On the other hand, the concept of alternating is referred to as either the switch from T to R and then switch back to T (i.e., “T to R to T”) or the switch from R to T and then switch back to R (i.e., “R to T to R”). Thus, the difference between “the switch from T to R” or “the switch from R to T” and “the switch from R to T” or “the switch from T to R” needs to be assessed for addressing the concept of alternating.

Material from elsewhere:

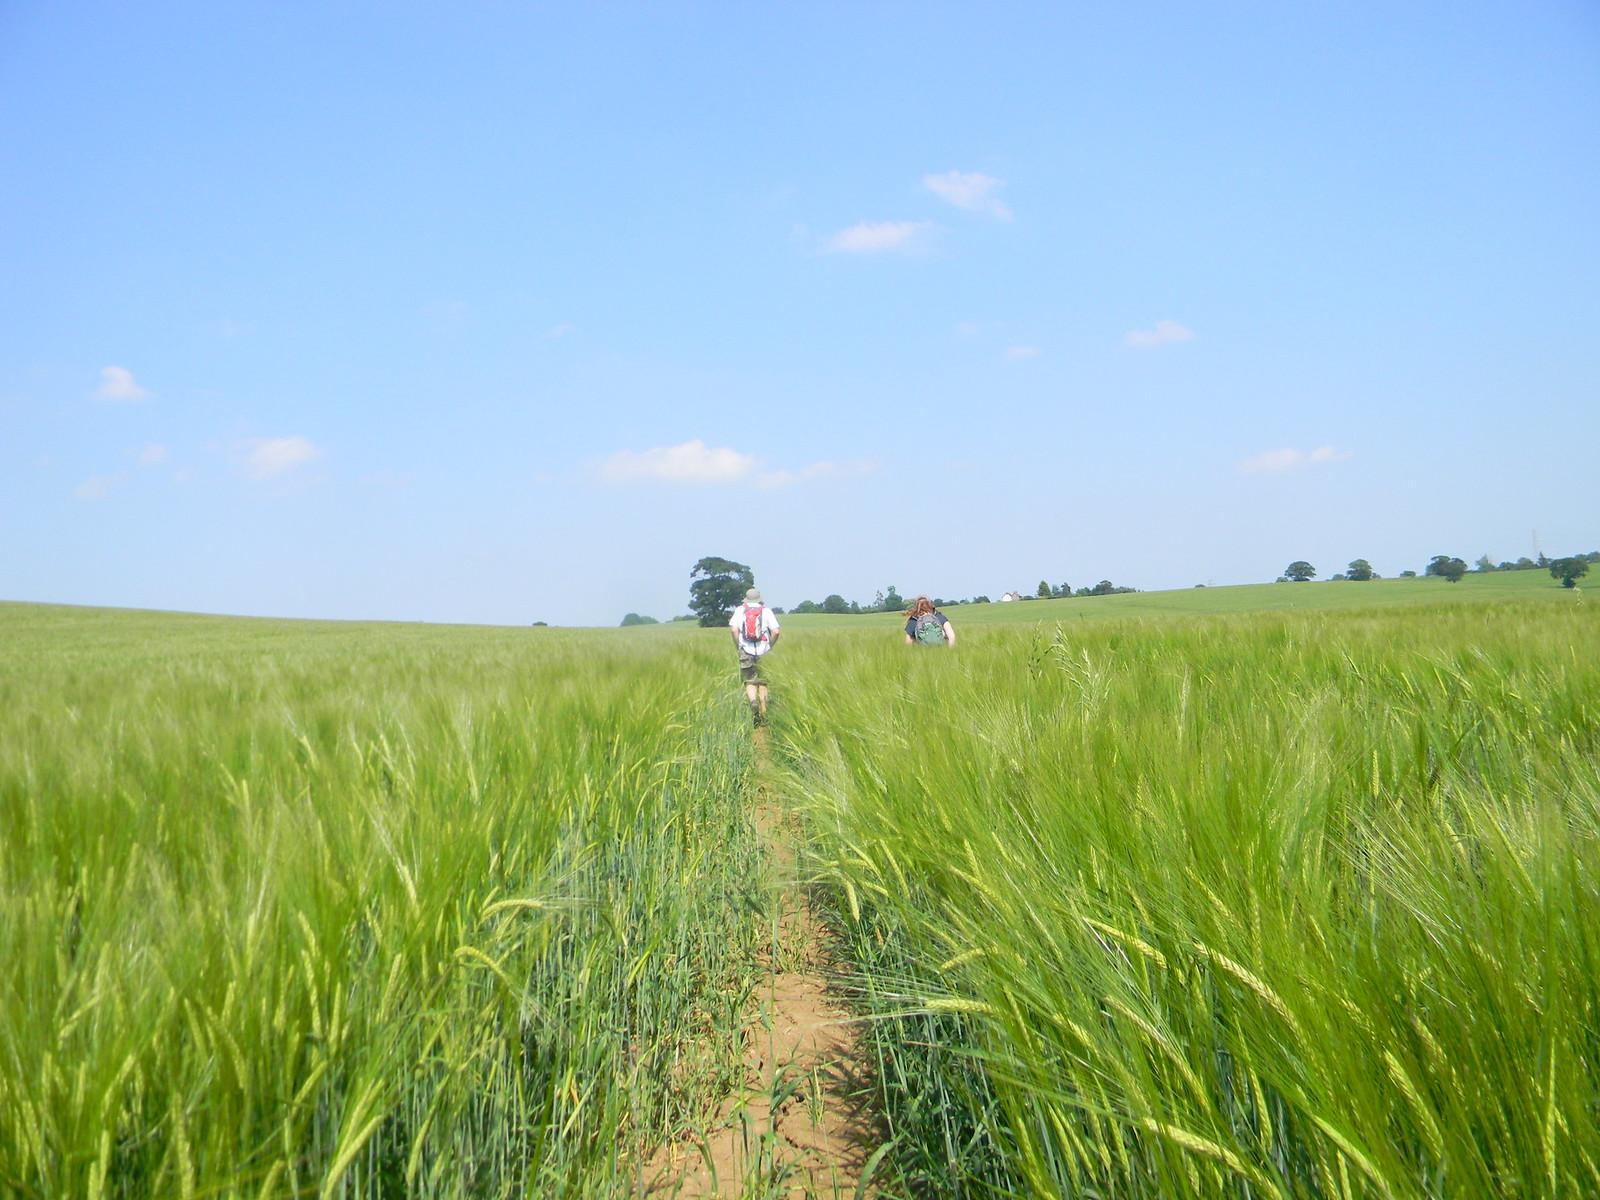 Barley field South Woodham Ferrers to North Fambridge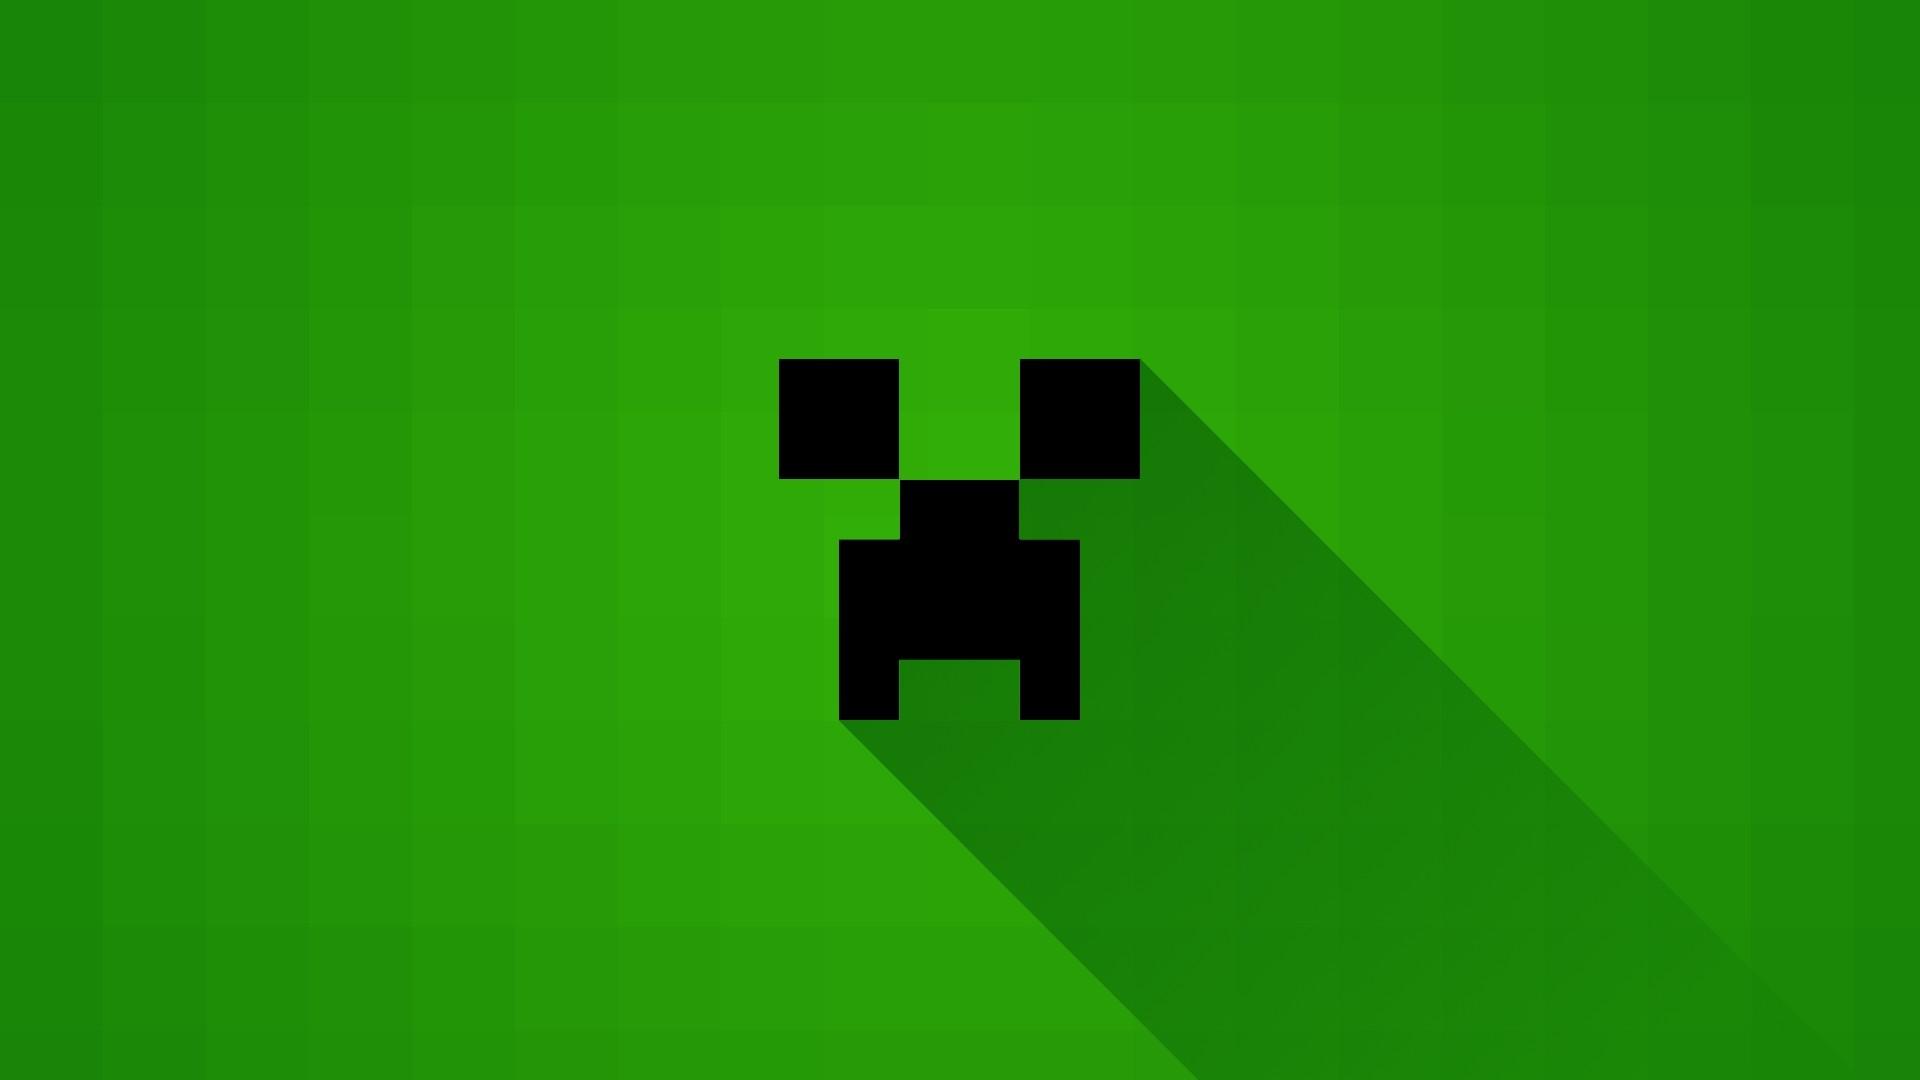 Creeper Wallpaper Hd Minecraft Creeper Backgrounds 183 ①

The concept of drug interchangeability for generic (small molecule) drug products and biosimilars (generic versions of large molecule biological drug products) is similar but different, so the interpretation should be carefully handled. Based on the 80/125 rule, it is not usual but possible to cause the dramatic change of the concentration of drug in blood if changing one drug to another. And this change may cause the uncertainty of the safety or efficacy. Based on the margins proposed in this study, margin1 has better ability to control safety and efficacy impact so we can say it is a useful tool for safety monitoring for interchangeability. However, it has higher probability of the confidence interval for a study below the lower margin (Below L), or above the upper margin (Above U) indicates that if we set this margin as the new criteria rule rather than (80%, 125%), there will be so many bioequivalence/biosimilar studies that do not meet this criterion. Therefore, drug interchangeability for bioequivalence/biosimilar is a big issue and we can do the future work to interpret this by using mathematical formula.